To understand how flatfish eyes changed so dramatically, some biologists are looking at how flatfish eggs hatch and develop into adult fish. The larvae initially look like normal fish. Only when they metamorphose into adults does one eye migrate to the opposite side of the head. The fish then settle on the seabed and wait for prey.
Hormones from the thyroid gland ensure that larvae undergo this metamorphosis. The hormones switch on genes in the flatfish skull, causing it to change shape, pushing one eye into a new position.
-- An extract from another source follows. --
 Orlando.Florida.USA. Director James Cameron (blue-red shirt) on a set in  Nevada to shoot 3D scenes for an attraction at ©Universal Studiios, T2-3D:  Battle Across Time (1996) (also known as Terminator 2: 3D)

Within the eye itself, other genes stimulate the growth of neurons so they can stay connected to the brain as it travels to a new place.
The new discoveries of flatfish have provided some answers to questions about their evolution – and sparked new debates. In 2021, a team of researchers in China created a new evolutionary tree of flatfish by looking at 1,700 DNA segments in 13 species of flatfish and their relatives. The researchers concluded that the body of flatfish has evolved twice. One of these transitions gave rise to a group of flatfish species living in tropical oceans known as spiny turbots, and the other transition gave rise to all other flatfish, including flounder.
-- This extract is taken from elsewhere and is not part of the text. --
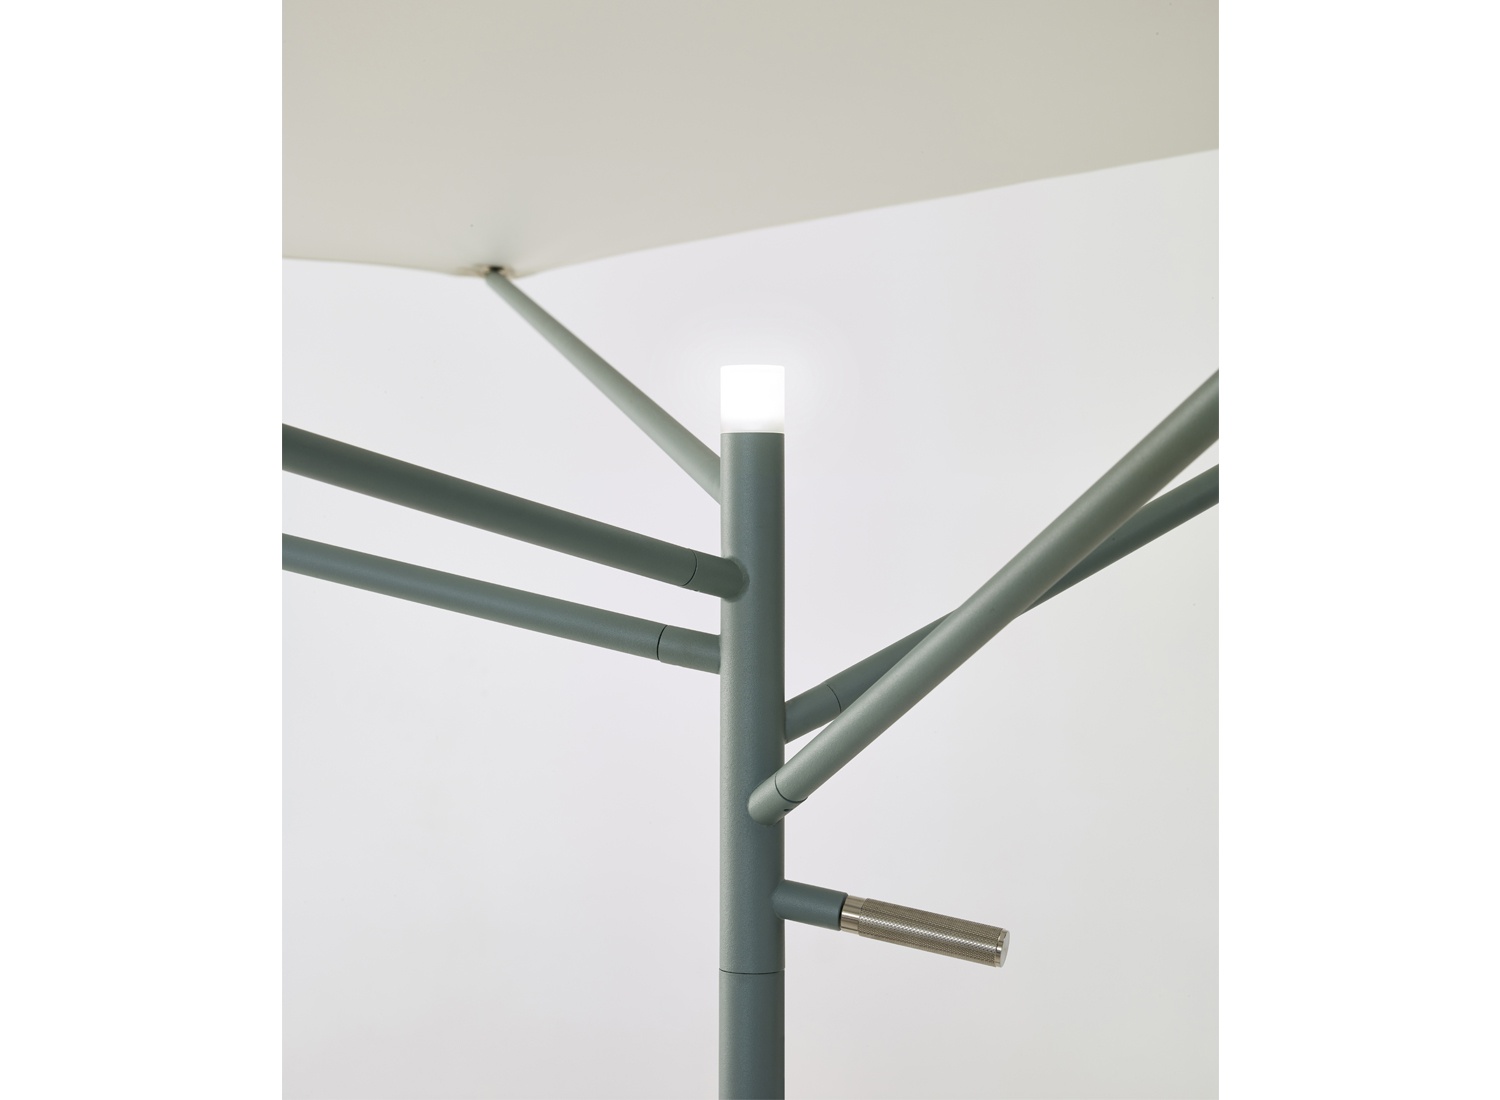 detailed view of LED light integrated into parasol frame

Dr. Friedman was skeptical. All flatfish share many of the same extreme changes in their anatomy, made possible by dramatic changes in their larvae. Dr. Friedman found it hard to believe that ordinary fish would grow twice the bizarre flatfish body. “I’m pretty sure that innovation evolved at some point,” he said.
Because flatfish evolved so quickly after the asteroid hit 66 million years ago, their evolutionary tree was difficult to reconstruct. Dr. Friedman tried this together with Dr. Betancur-R to do. and Emanuell Duarte-Ribeiro, an evolutionary biologist at the University of Basel in Switzerland. They focused on certain DNA segments that they predicted would provide a more accurate picture. They also expanded their analysis to compare more than 400 species of flatfish and their relatives.
Last month, the researchers reported that their new analysis pointed to only one origin of flatfish. “We’re happy to find the sole origin because it’s the simpler explanation,” said Dr. Duarte Ribeiro. “There are so many genes that may be involved in this transition that it is quite unlikely that this happened twice.”
The Chinese researchers published a response supporting their results. Three members of the team did not respond to emails seeking comment.
Dr. Betancur-R. and his colleagues are now collecting more data from flatfish DNA to see if their finding of a single origin holds up. “That’s what I think would happen,” he said. “But that’s difficult to say, because these are difficult problems.”